-- Task goal --
All of the listing should be output exactly, apart from the pictures.

-- Collected material --
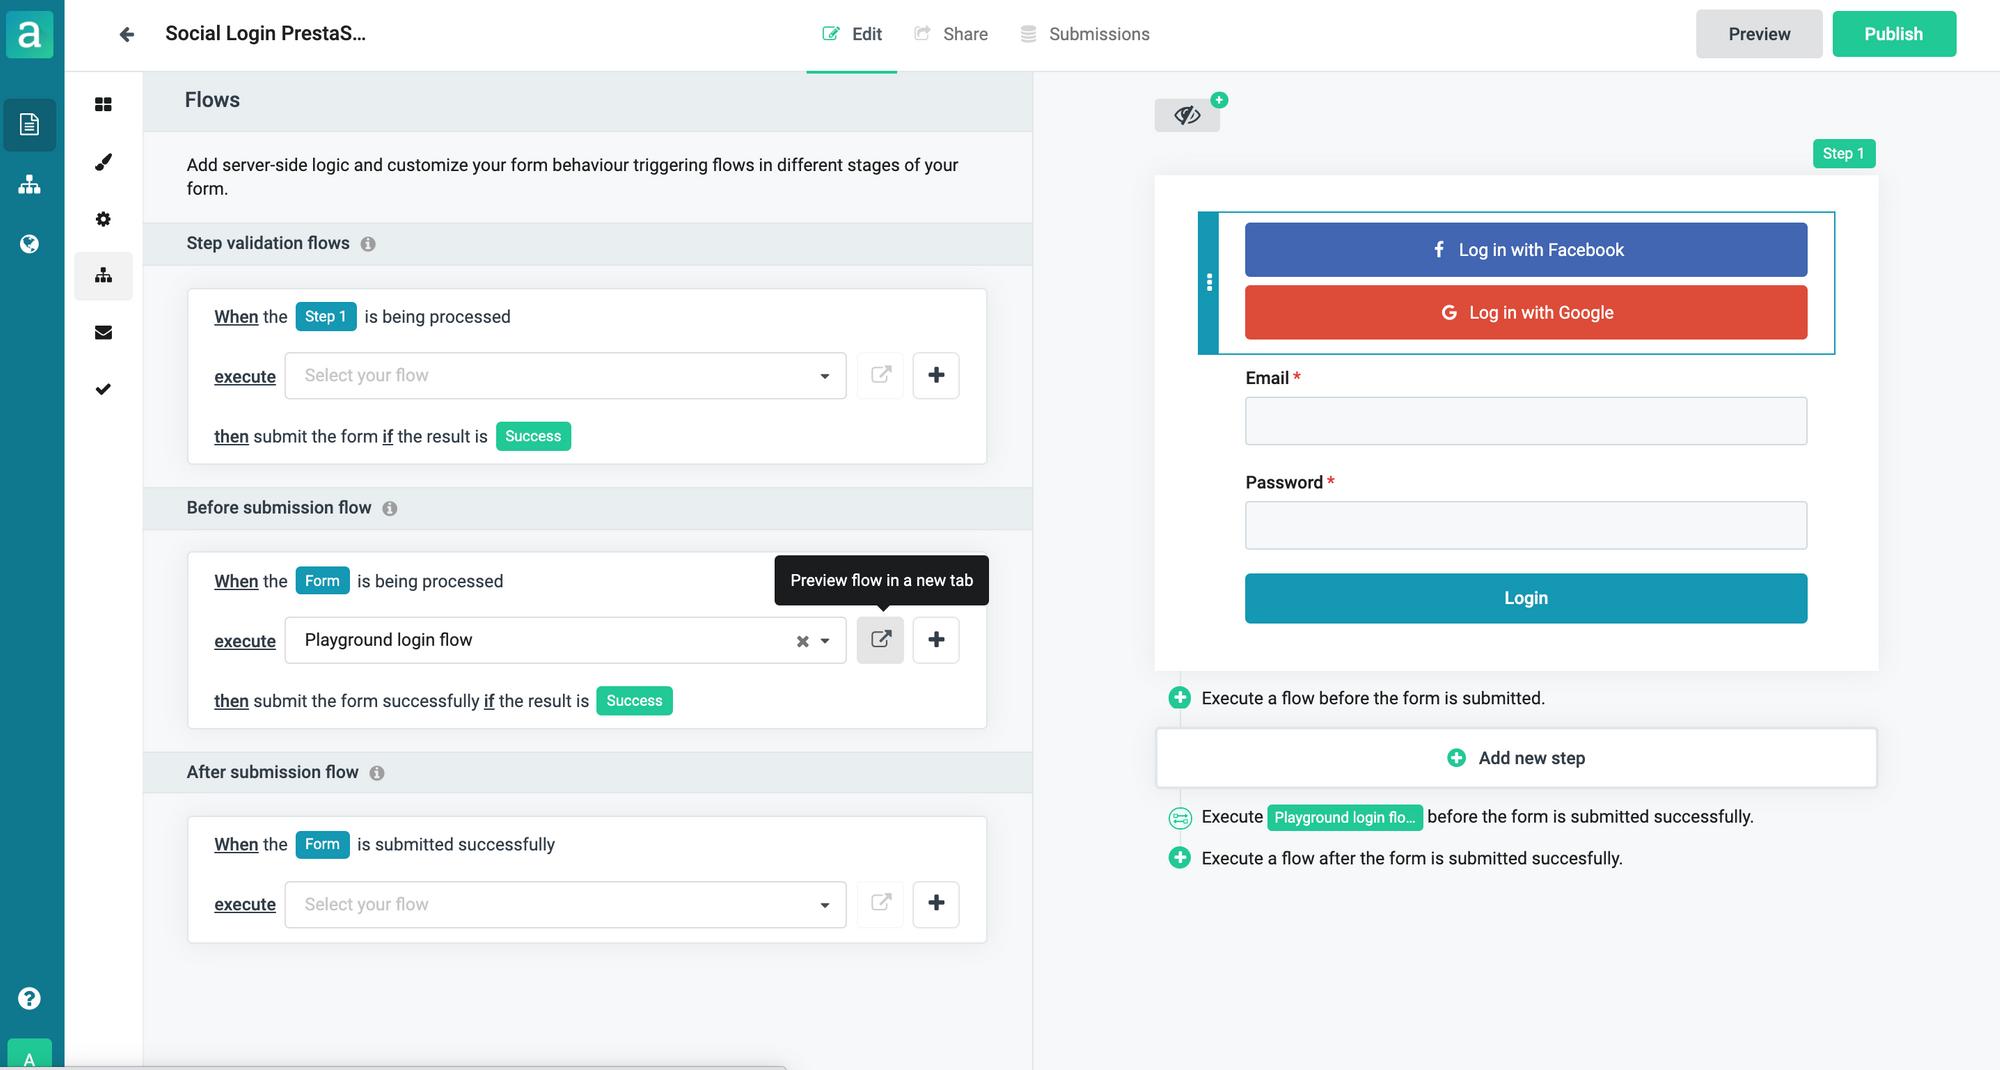 Social login forms for PrestaShop
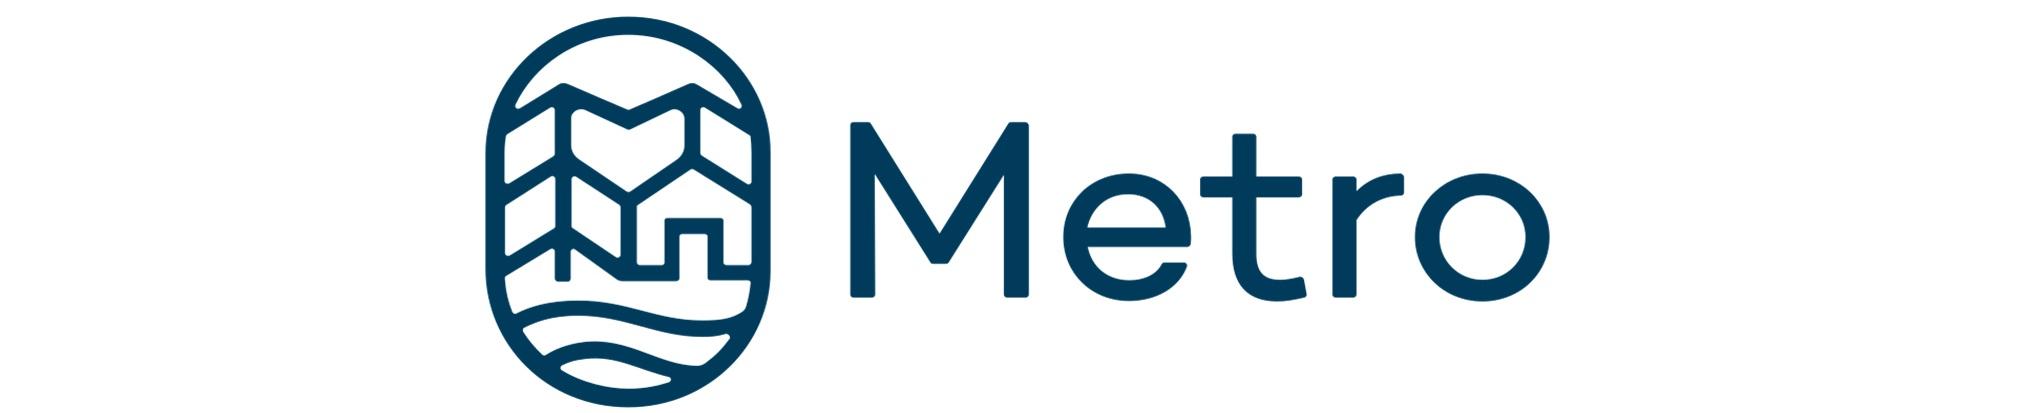 Metro+sized.jpg
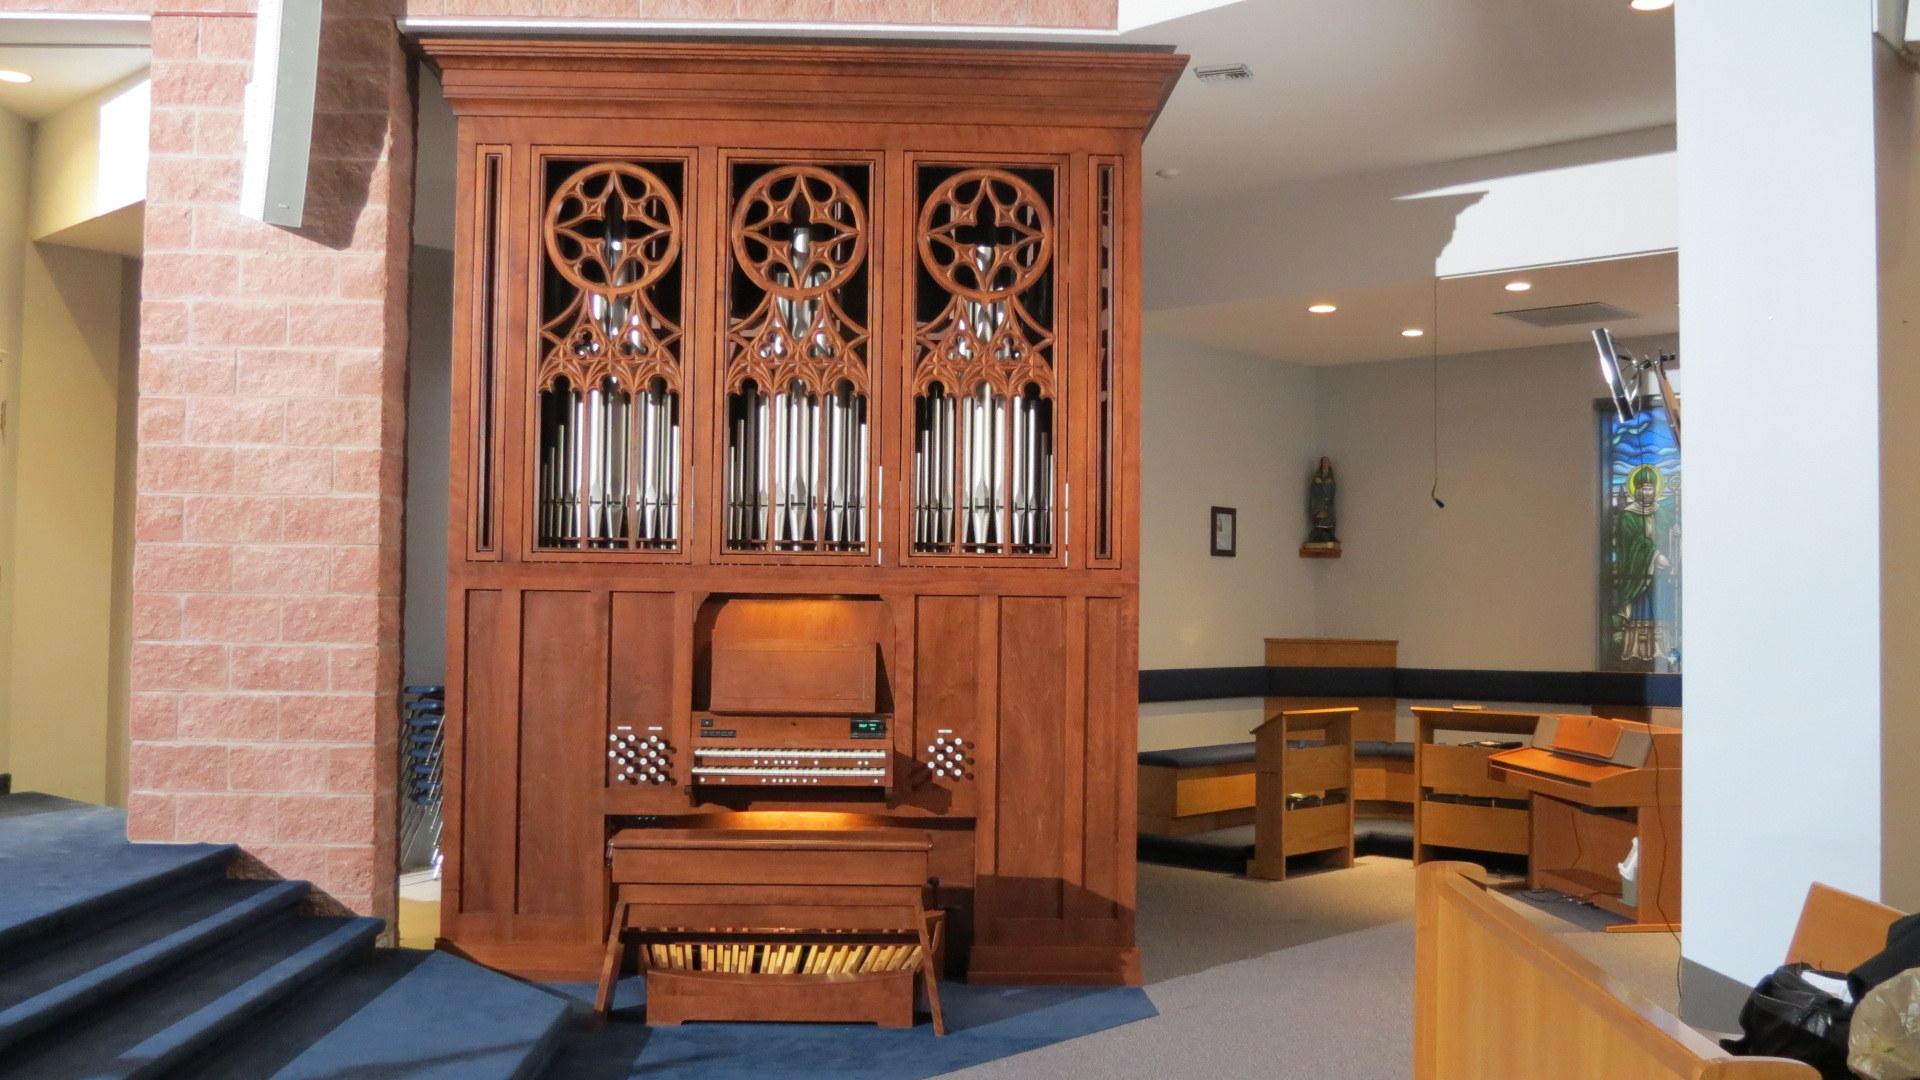 Orgue Inspiration installé à l'église Immaculée-Conception de Port Perry, Ontario

-- Worked solution --
 Social login forms for PrestaShop
 Metro+sized.jpg
 Orgue Inspiration installé à l'église Immaculée-Conception de Port Perry, Ontario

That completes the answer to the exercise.